**TASK INSTRUCTIONS**
Would you return the lines between the one holding "La Femme 32346" and the one holding "Wall Tapestry Bedroom", inclusive, and only those, exactly as they stand in the listing below?

**DATA FOR PROCESSING**
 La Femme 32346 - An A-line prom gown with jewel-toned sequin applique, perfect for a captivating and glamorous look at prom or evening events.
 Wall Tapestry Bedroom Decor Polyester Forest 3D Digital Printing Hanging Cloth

...

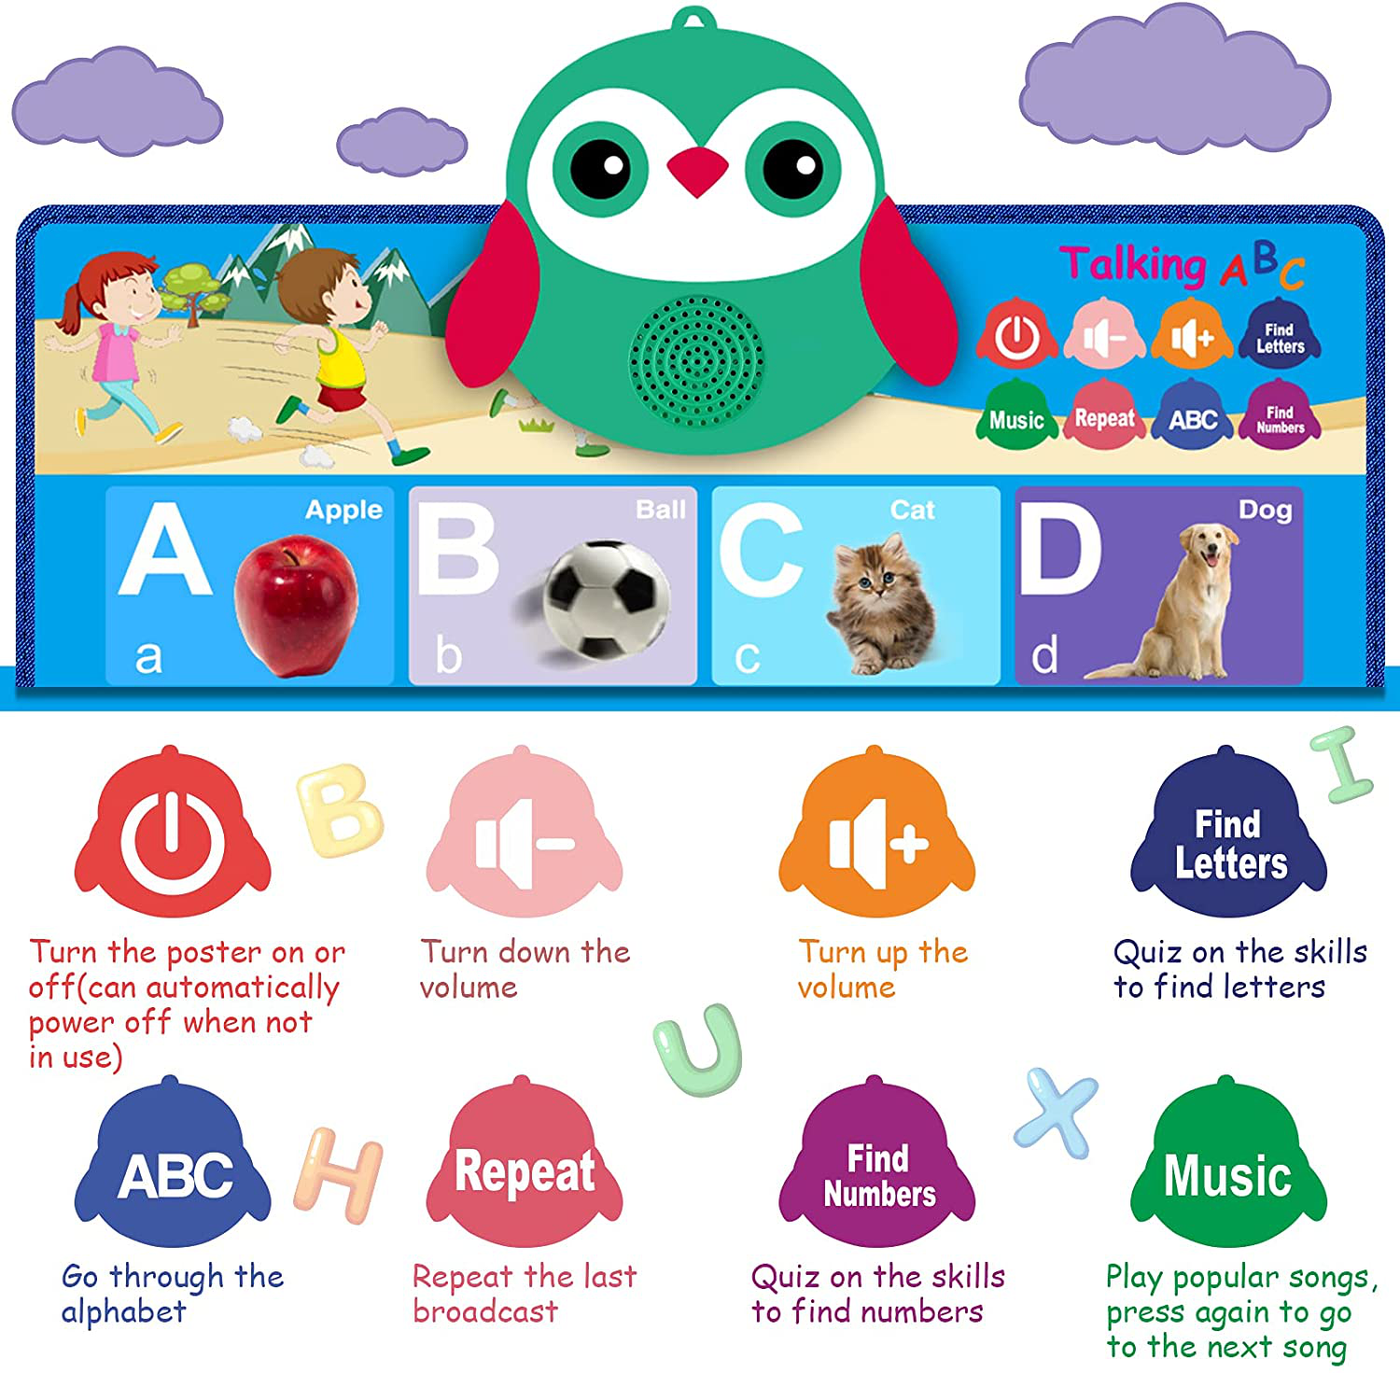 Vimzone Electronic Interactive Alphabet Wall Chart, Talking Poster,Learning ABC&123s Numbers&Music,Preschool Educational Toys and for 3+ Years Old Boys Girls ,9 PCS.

* * *

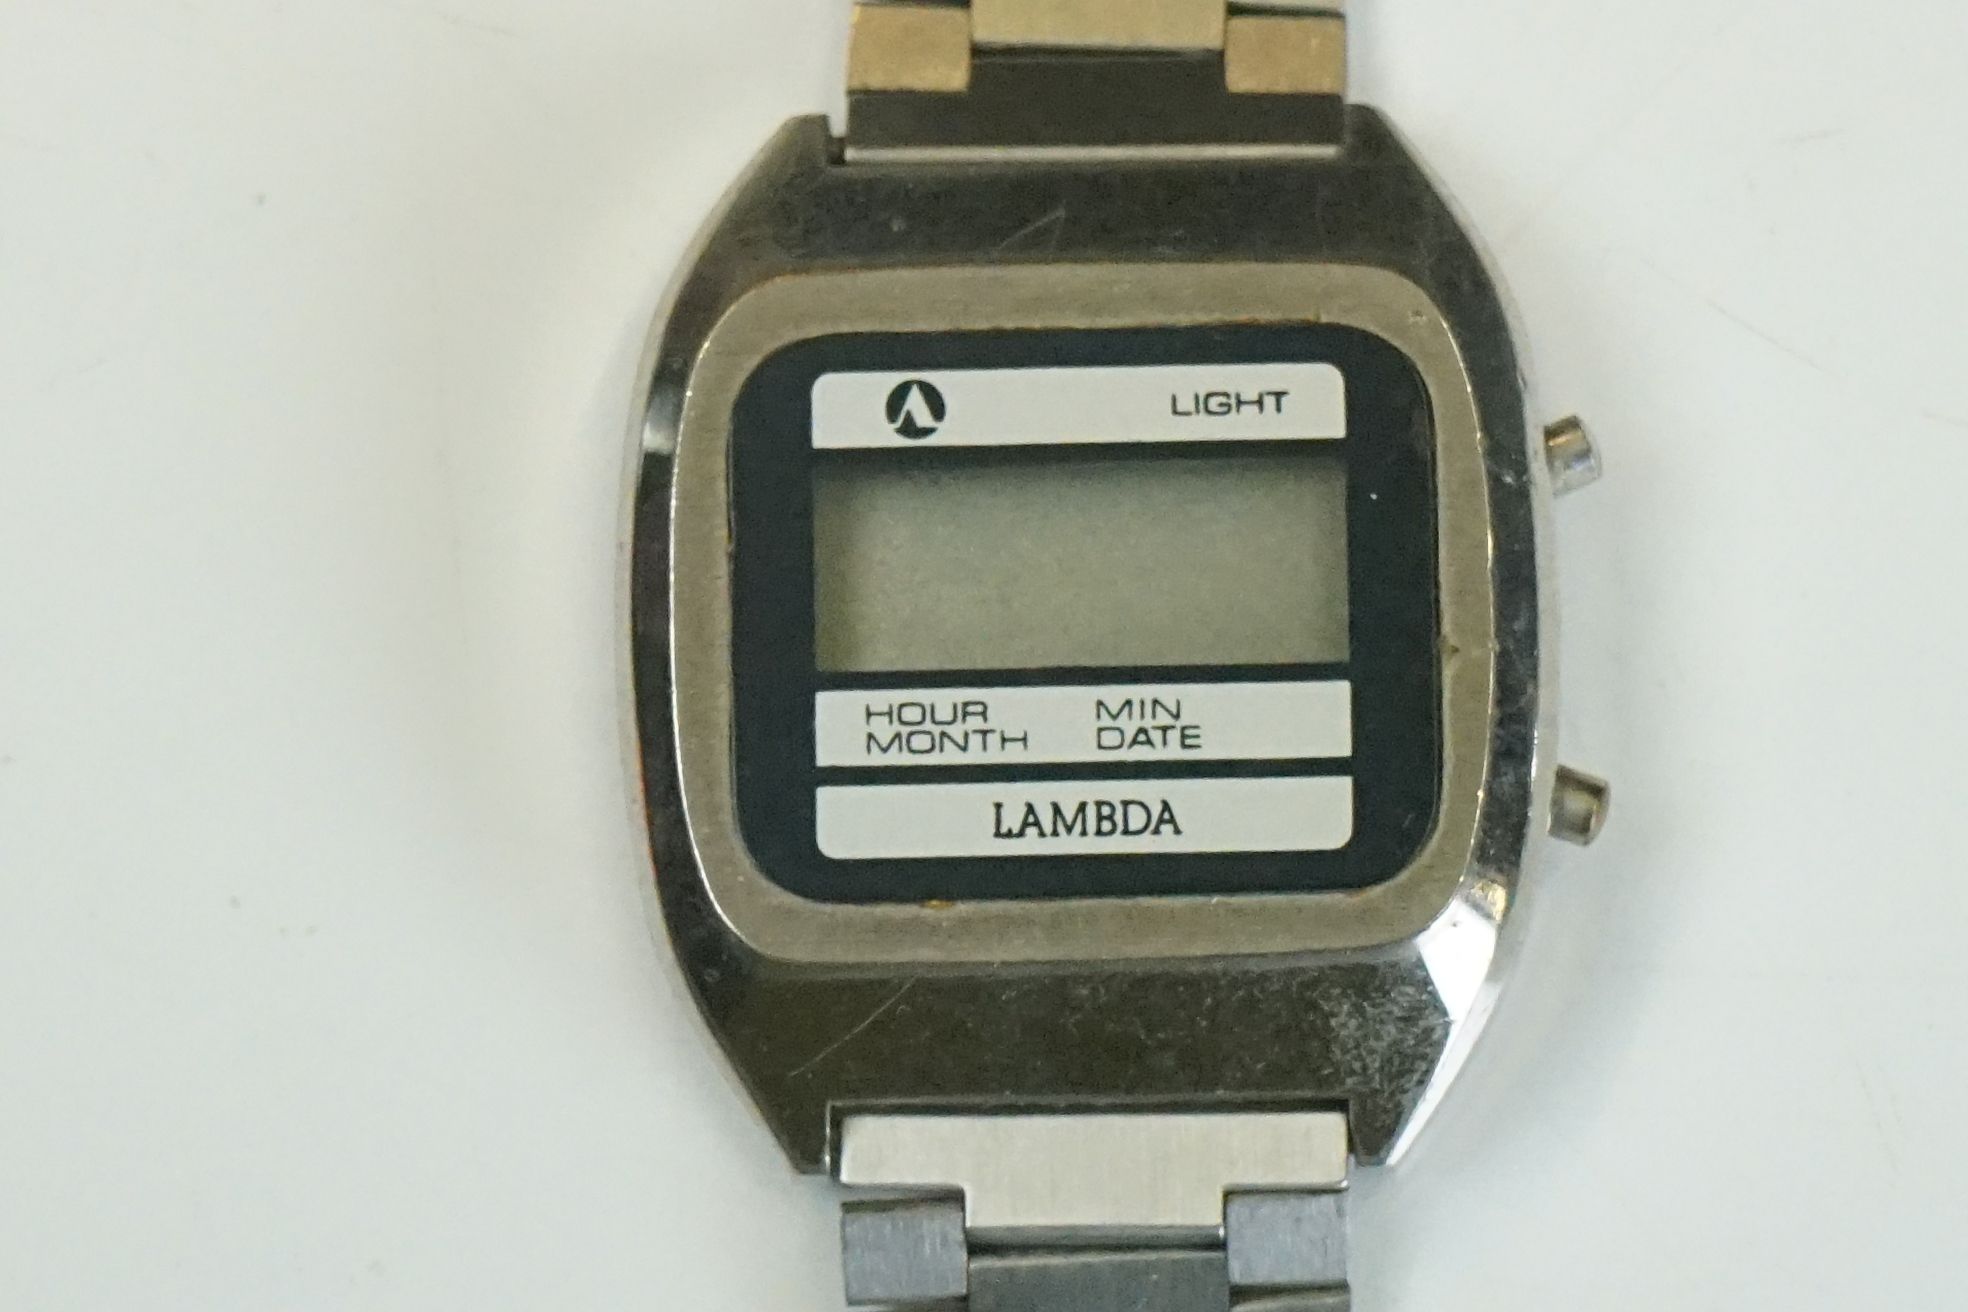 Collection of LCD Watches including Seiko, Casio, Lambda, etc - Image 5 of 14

**OUTPUT OF THE TASK**
 La Femme 32346 - An A-line prom gown with jewel-toned sequin applique, perfect for a captivating and glamorous look at prom or evening events.
 Wall Tapestry Bedroom Decor Polyester Forest 3D Digital Printing Hanging Cloth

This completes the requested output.